• _Problem to solve_: A word-for-word copy of the listing, free of images, is the expected answer.

• _Data extract_:
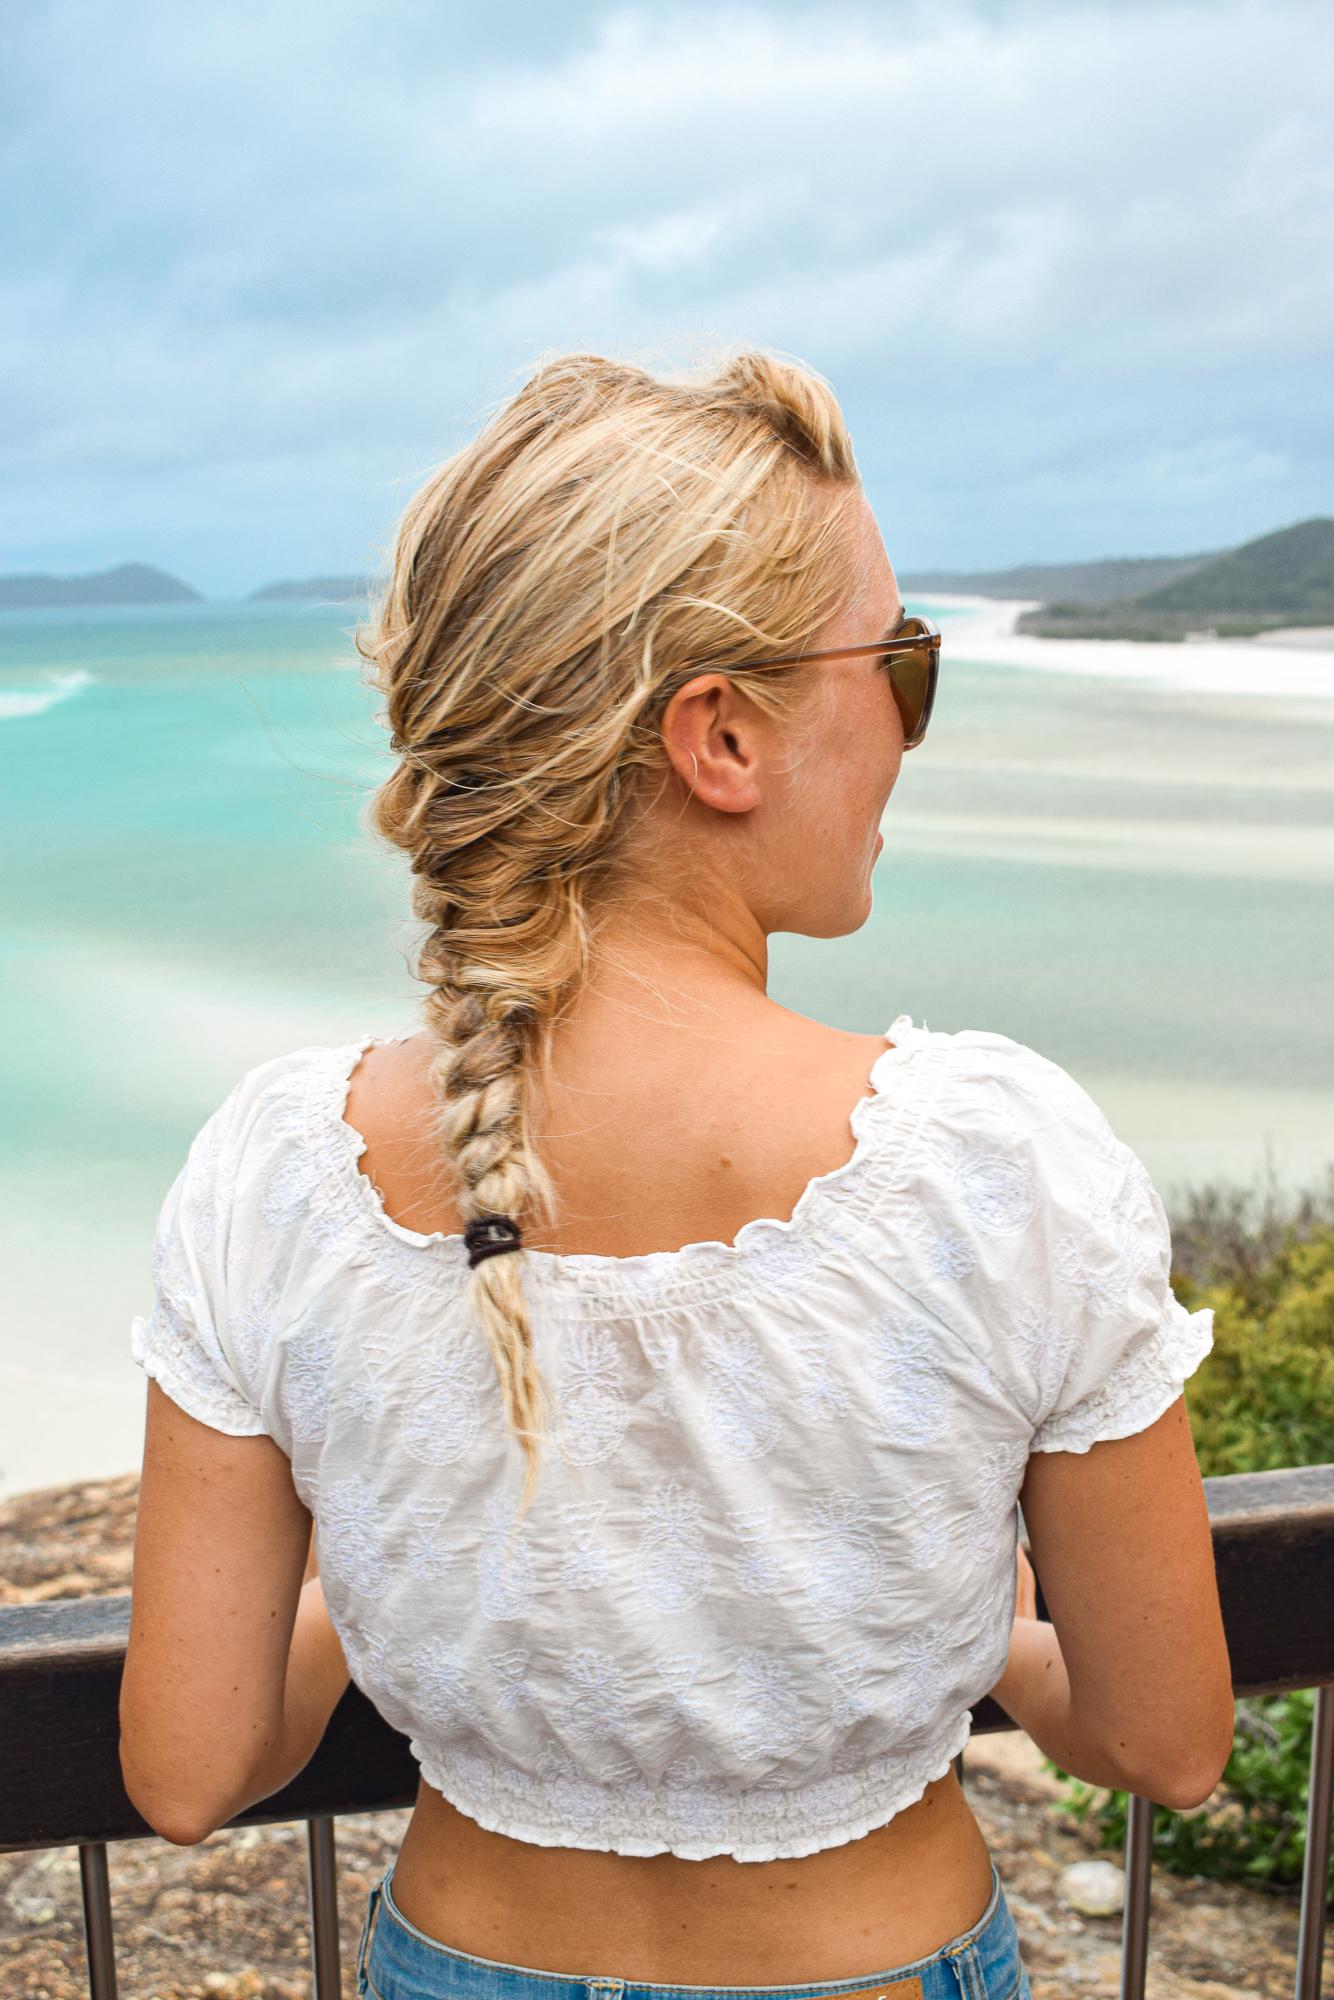 jag tittar ut över whitehaven beach i whitsunday islands.
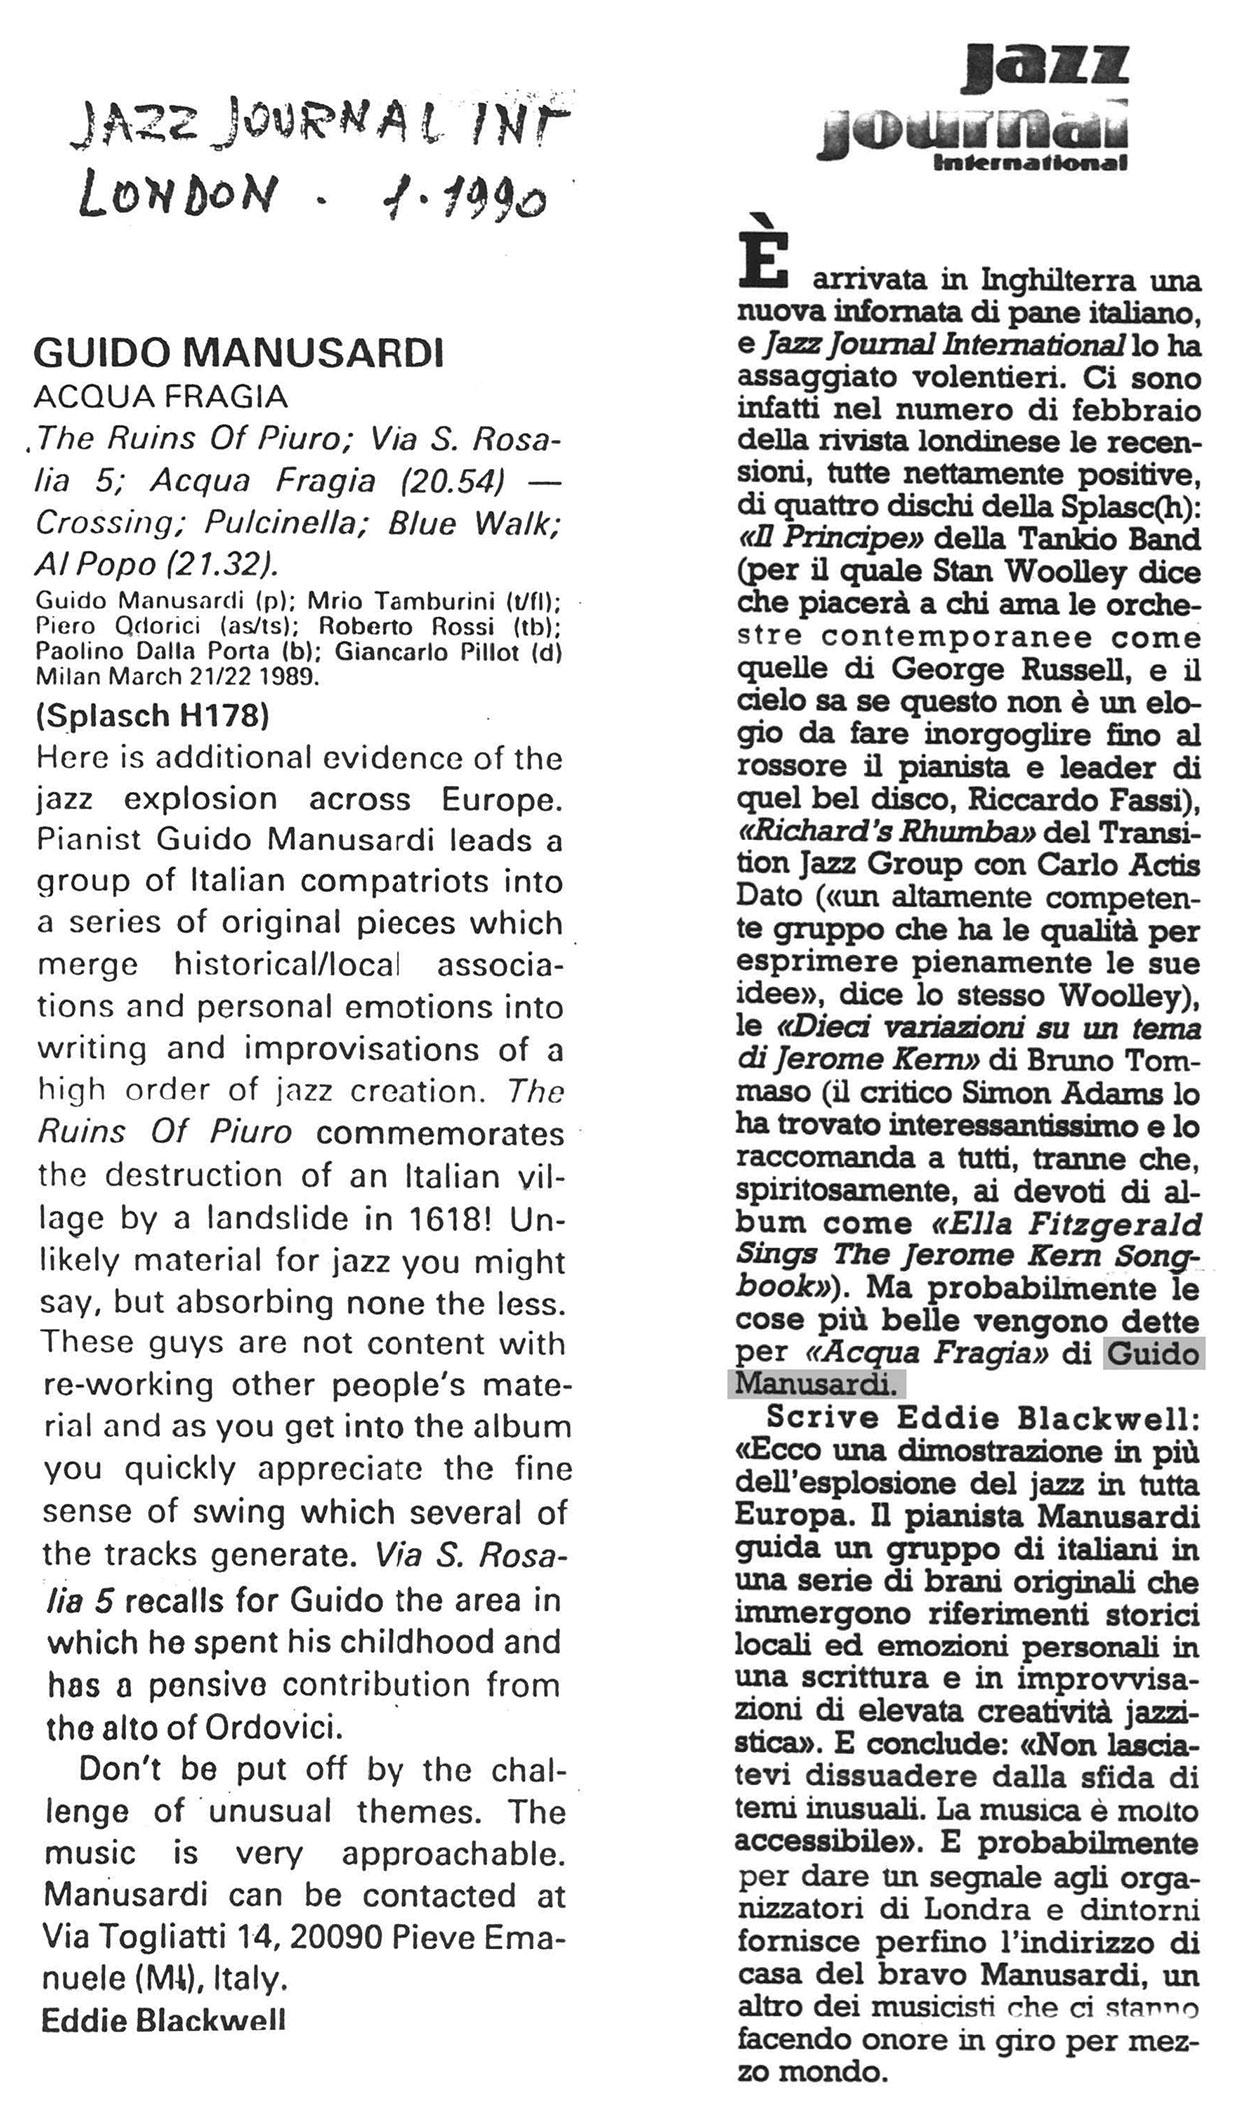 JAZZ JOURNAL 1990
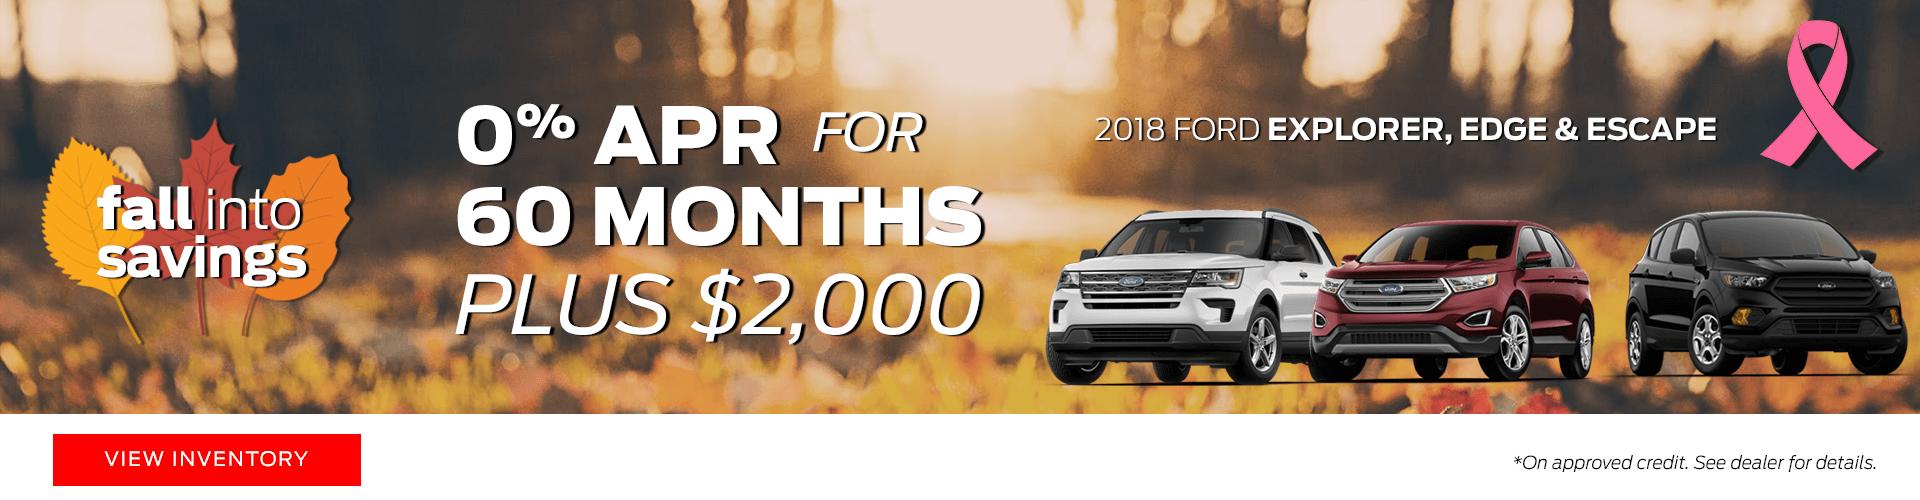 2018 Ford Explorer, Edge & Escape Special

• _Answer_:
 jag tittar ut över whitehaven beach i whitsunday islands.
 JAZZ JOURNAL 1990
 2018 Ford Explorer, Edge & Escape Special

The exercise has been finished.